Type I IFN is a major component of both innate and adaptive immune responses, critical for generation of an effective defense to infection of pathogen. Interferon-β (IFN-β) is the first type I IFN cytokine produced in response to viral infection and plays a major role in activation of the downstream antiviral factors. Production of IFN-β is dependent on the primary recognition of viral infection by cellular sensors and the signaling cascade leading to its expression. The importance of the IFN-β pathway in the antiviral response is highlighted by the multiple strategies that viruses use to block the pathway activation. Efforts to understand the regulation of IFN-β induction pathways are crucial for development of strategies to modulate the antiviral response.

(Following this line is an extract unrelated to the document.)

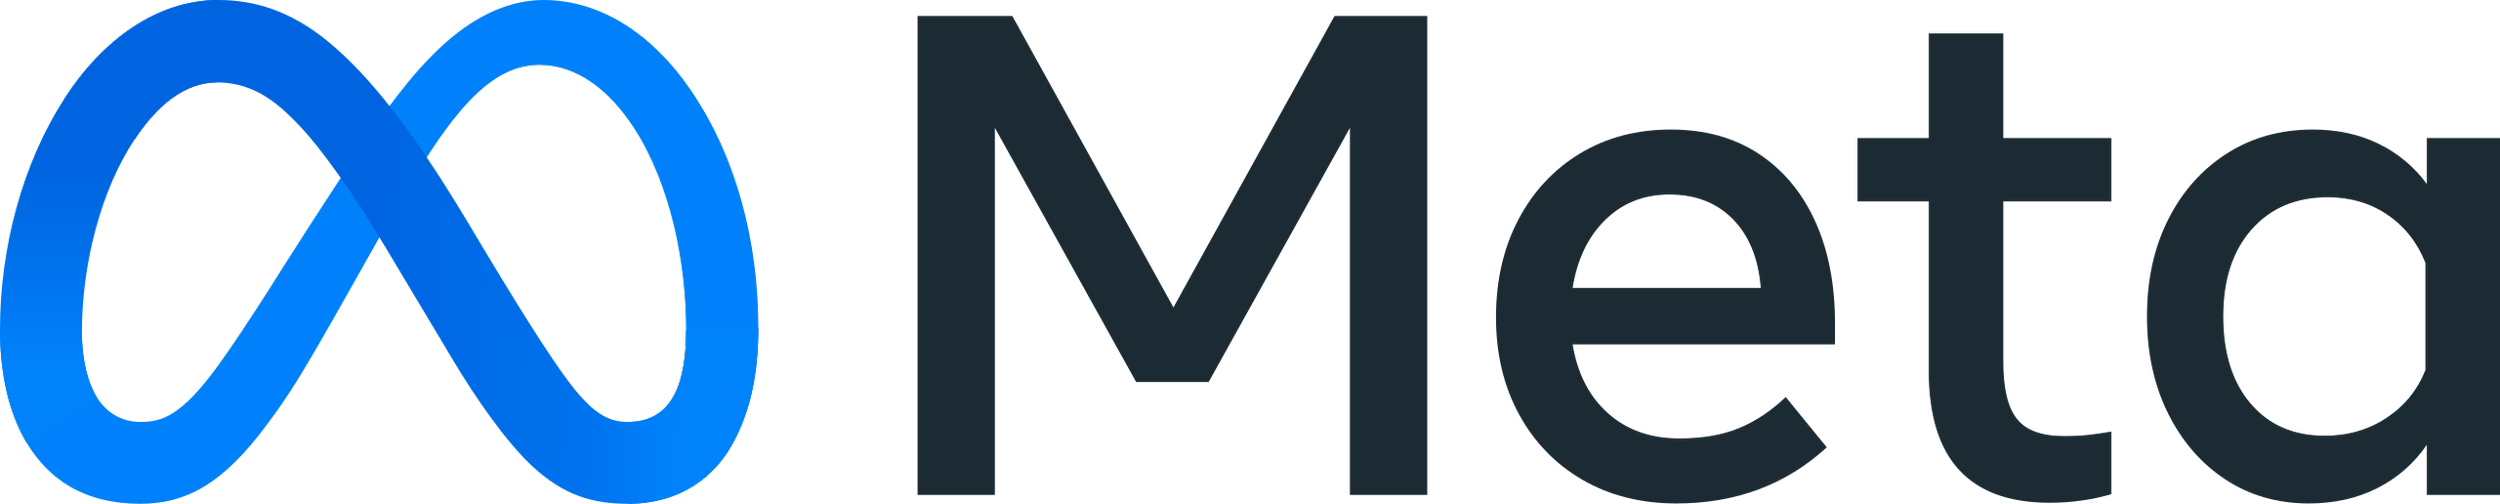 meta-logo.png

Our work focuses on two key steps in IFN-β induction; (1) RIG-I regulation responsible mechanisms related to IFN production; and (2) the formation of the enhanceosome, a pre-transcriptional complex required for production of IFN-β messenger RNA. Negative regulation of components involved in IFN induction is well documented and appears to be important for the “off” state of innate immunity in the absence of infection as well as for shutting down of IFN production at later time points in infection. We focus our work on the negative regulation of one of the key viral sensors, the retinoic acid inducible gene I (RIG-I), and show that phosphorylation of its amino acid serine 8 plays a role in modulating the IFN-β pathway activation (chapter II). In chapter III, we characterize the natural human polymorphism arginine/cysteine 7 in RIG-I and describe its effect on the expression of IFNB1 gene in various cell types. In chapter IV, we describe the study of IFN-β enhanceosome formation, specifically focusing on the mechanism by which interferon regulatory factor-3 (IRF-3) interacts with the enhancer DNA sequence of the IFN-β gene. We show that this binding controls the formation of the IFN-β enhanceosome pre-transcriptional complex and subsequent levels of IFN-β production.

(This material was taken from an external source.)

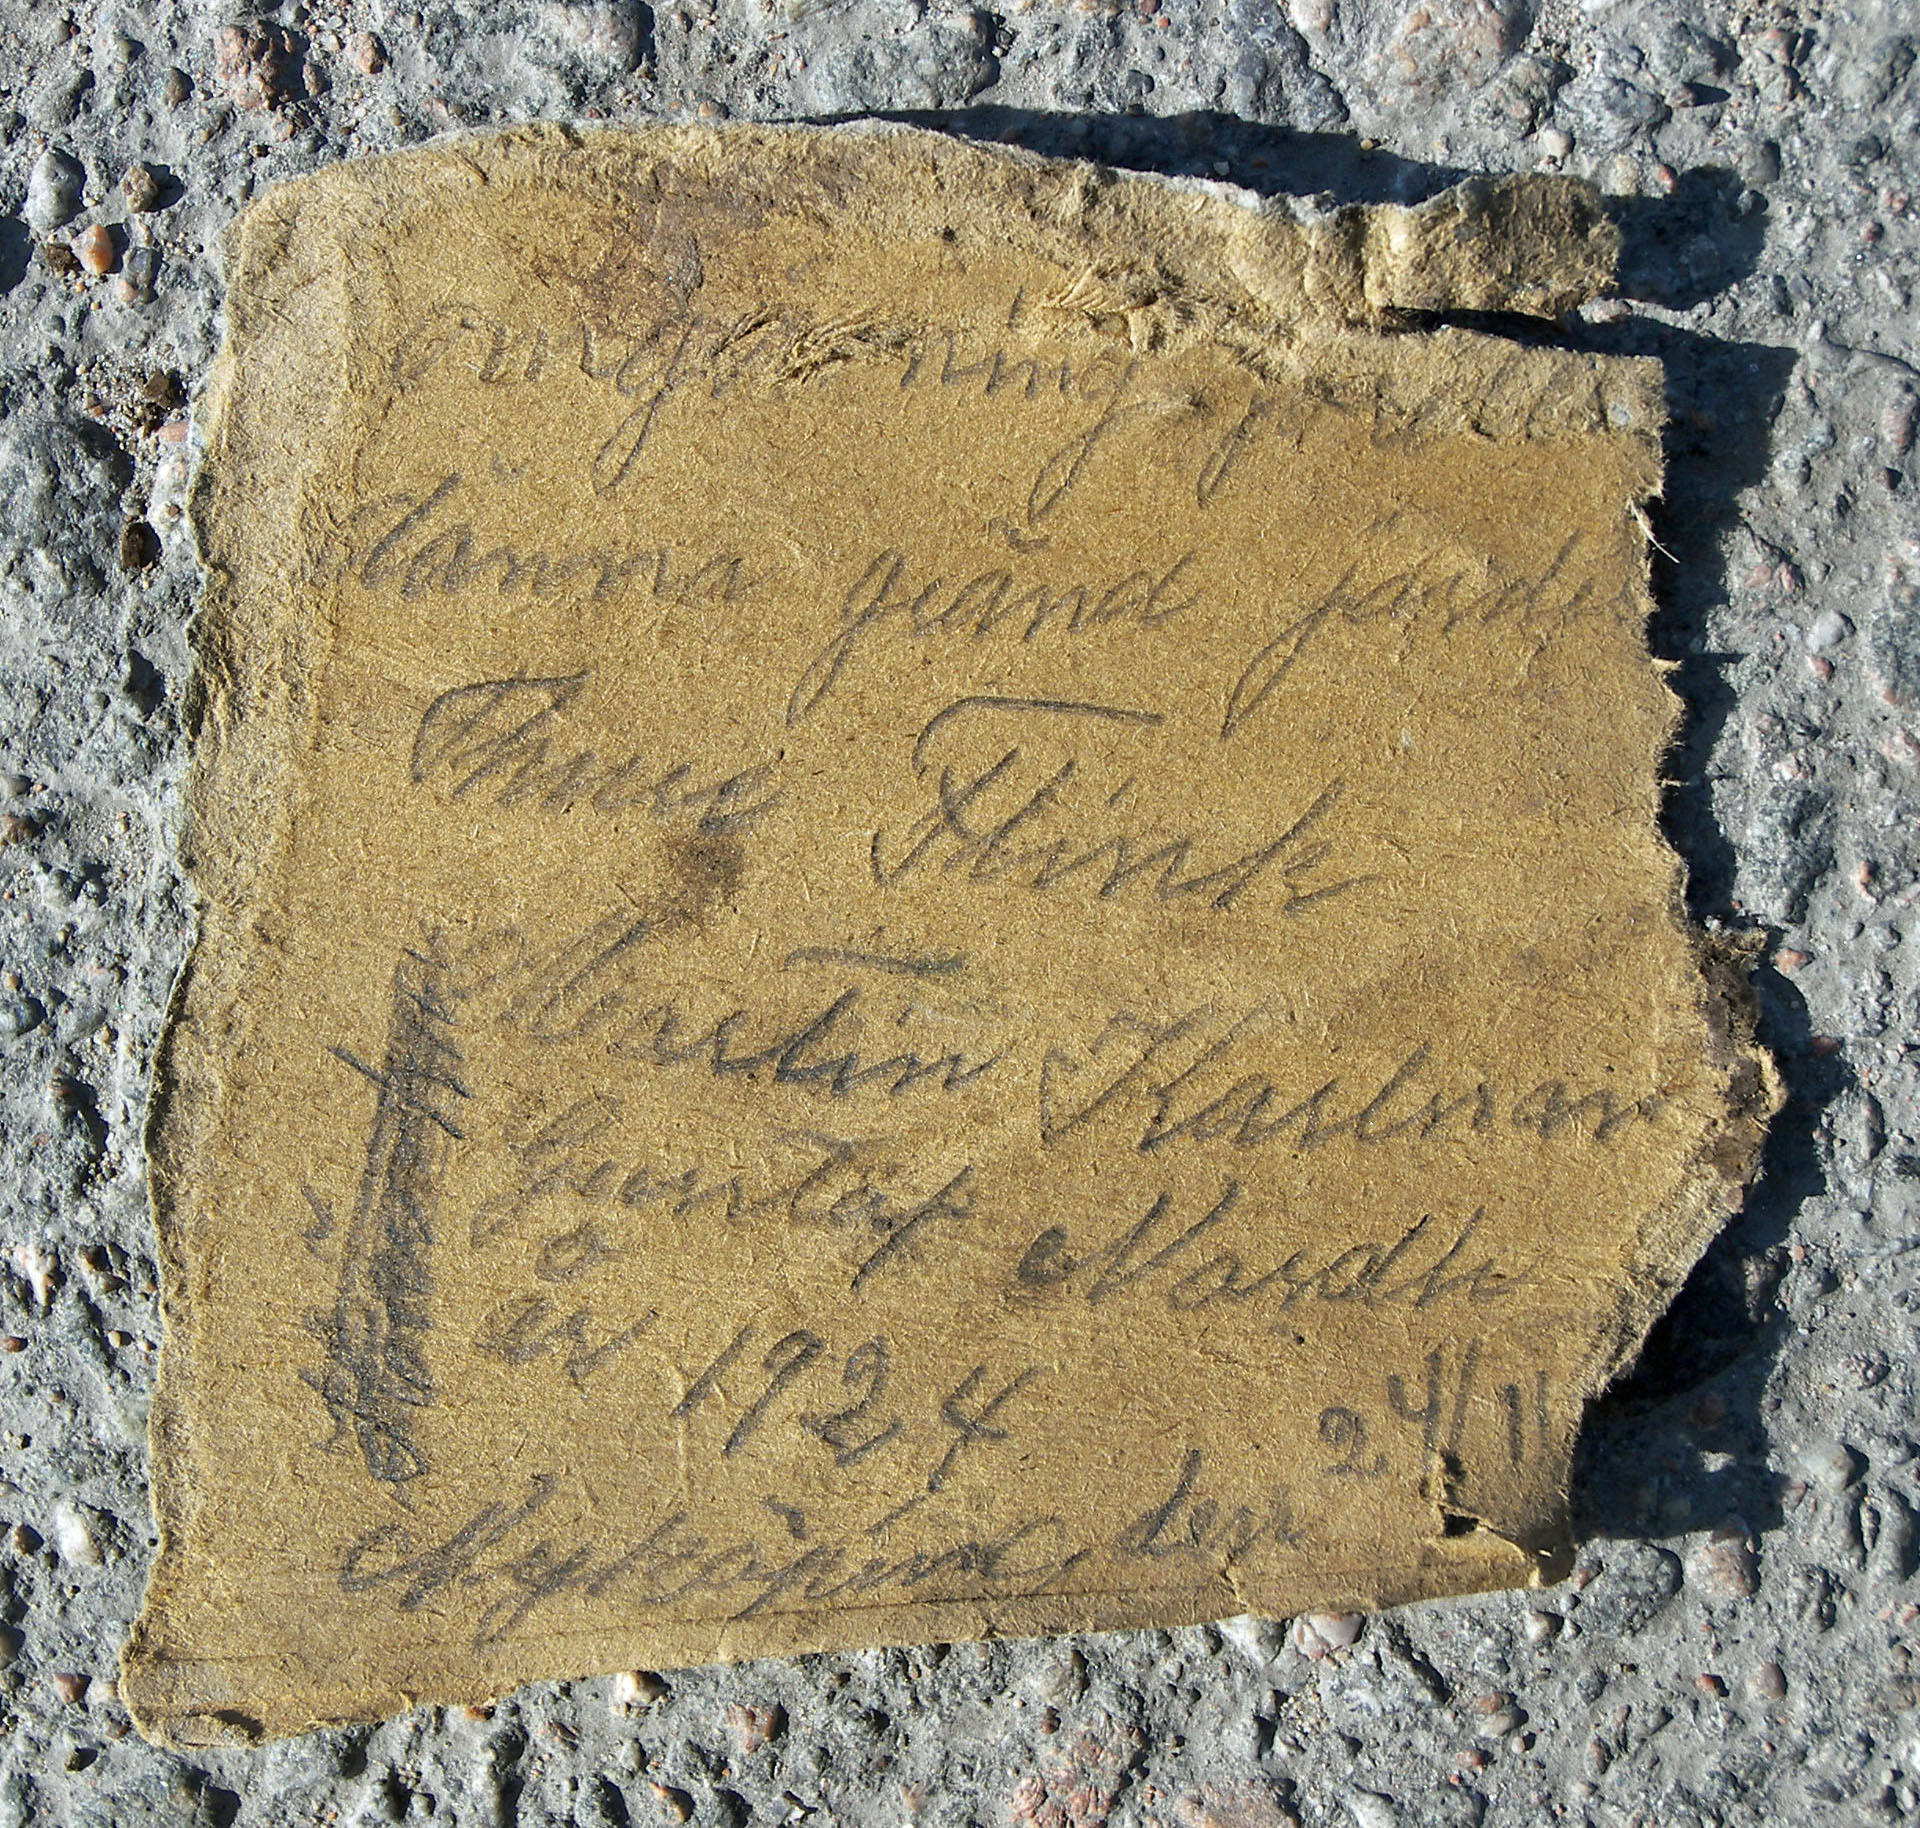 SLM 18106 48-50 - Flaskpost med meddelande från arbetare i Nyköping år 1924-25

From the above work we have unraveled two important aspects in the control of IFN-β pathway activation. First, we identified phosphorylation of RIG-I at serine 8 as an important posttranslational modification that serves as a negative regulator of the IFN-β induction pathway. We showed that this phosphorylation negatively affects the interaction of RIG-I with TRIM25, an E3 ubiquitin ligase that ubiquitinates RIG-I in its amino terminal CARD domain. Through inhibition of TRIM25 binding, the phosphorylation prevents the ubiquitination of CARD, a step required for optimal binding of RIG-I to MAVS. MAVS is a key downstream adaptor protein required for transmission of the signaling cascade that finally induces IFN-β enhanceosome formation. The importance of serine 8 is highlighted by the IFN-β induction phenotype associated to the proximal polymorphic arginine/cysteine 7 residue. Second, we determined the structure of DNA binding domain of IRF-3 bound to the IFN-β enhanceosome. We found that four IRF-3 DNA binding domain molecules bind to a single DNA molecule and are accommodated in different ways. IRF-3 binding to consensus and non-consensus DNA sites allows us to understand the suboptimal mechanism that controls the IFN-β production. These suboptimal IRF binding sites lead to the requirement for other transcription factors (AP1 and NF-κB) for the expression of IFN-β at physiological levels.

Overall, our findings contribute to a detailed understanding of the intricate mechanisms that govern production of IFN-β and ultimately to a better comprehension of the cellular response to virus infection. This knowledge will eventually lead to development of strategies to manipulate the cellular machinery in order to control viral infectious diseases.